Tuesday, April 20, 2010

The New House, The New View, Maybe The New Life?

I just moved into a wonderful new home in the Riverside area of Wichita Kansas, which is a nice area indeed. My house is a nice old (They had to give us a pamphlet on lead paint) 4 bedroom 2 bath which I split with a friend of mine. In one direction down my street you will find a (public) golf course, and down the other the Wichita Art Museum. I should also note that next to the golf course is the Botanical Gardens. Too be honest the house is out of my price range but I just had to have it. With everything I have been through this past year I deserve something nice so long as I am willing to work for it.

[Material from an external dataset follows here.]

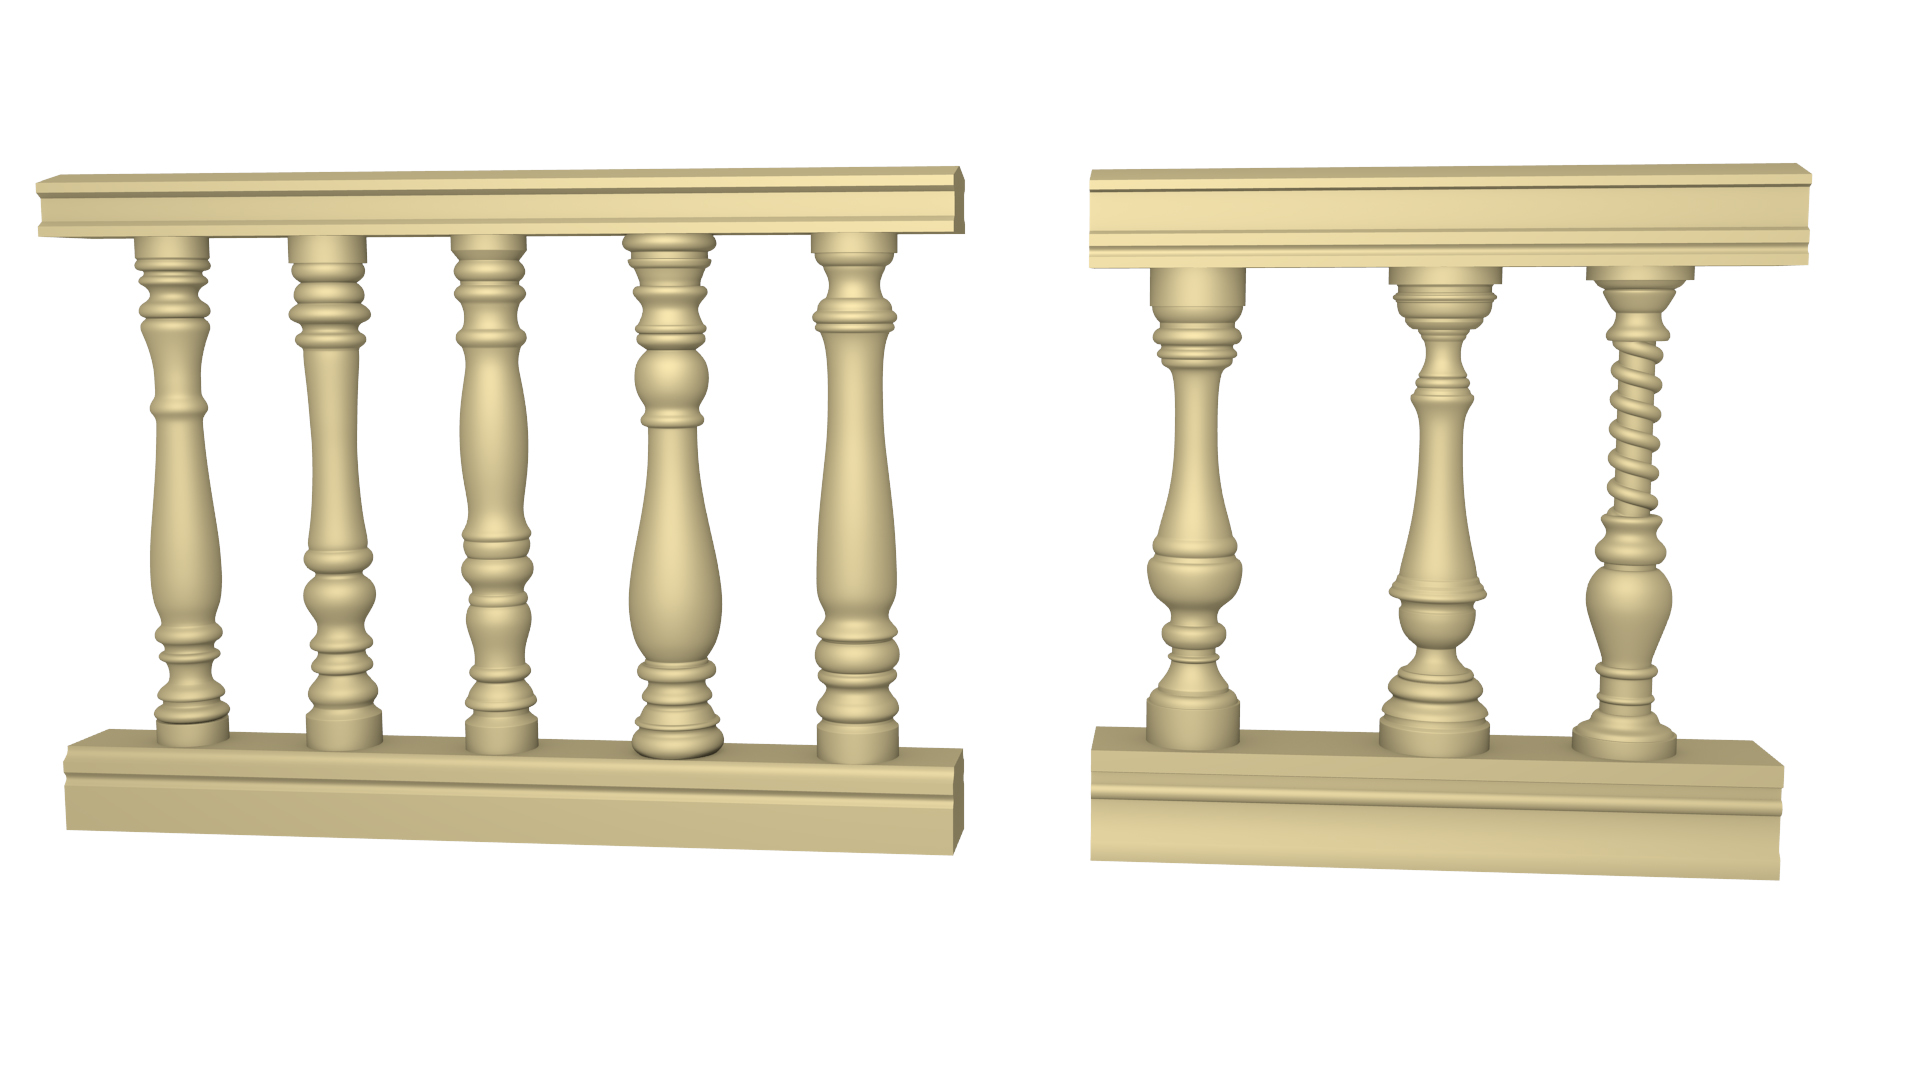 내구성 습기 증거 고품질의 폴리 우레탄 장식 기둥 성형 라운드 자본과 기본 로마 난간

April 1st 2009 I quit smoking, gave up soda and all processed sugar, and started working out. This went very well for about 7 months, then my father died. Before I knew it I was smoking, downing Mt Dew and wheezing whenever I stood up. Apart from just being overweight, I also suffer from psoriasis and high blood pressure. With the sudden onset of massive stress, and the rekindled abuse of my body, my psoriasis flared. Let me be clear when I say "flared", my coverage went from 10% to 90% and the scales were so thick that I could barely move without severe pain. I suddenly found myself, jobless, penniless, and without health insurance. The pain became too much and my blood pressure rose until it peaked, giving me a minor stroke.



So there I am 29 years old, my house being taken by the bank, my water shut off for lack of payment, the left side of my face mostly paralyzied, and a tremendous desire to die. If I had been able to walk more than 10 feet unaided I most likely would have killed myself. I cried a lot in my bed, mostly from despair but also because my plagues were everywhere and the pain was unbearable.



I had been to doctors before for my condition, and none had ever really shown an interest or knowledge to help. Then my sister shows up telling me my brother had sent her money to help pay some of my bills and get me to a doctor. This doctor was amazing, she had total confidence that she would have me up and running in no time, and she did just that. Within a week I was back to work. Yes it was too late to save my house, and I had to move in with family for a month, but no matter. With the new meds I am back to working hard and living a decent life. I still don't have insurance but I make more than enough to pay for my visits and meds.

I also make enough for this lovely home in Riverside.

I use to be such a hateful person. I use to be bitter and borderline evil. There is a Rilo Kiley song that states "I use to think if I could realize I'd die I would be a lot nicer" well I realize now not only can I die, but I can live in a body that is against me. With a lot of work I have most of the movement of my face back, my skin while not anywhere near perfect is atleast not causing my much pain, and my psoriasis arthritis is managable. I'm not bitter, I am not hateful: I am lucky.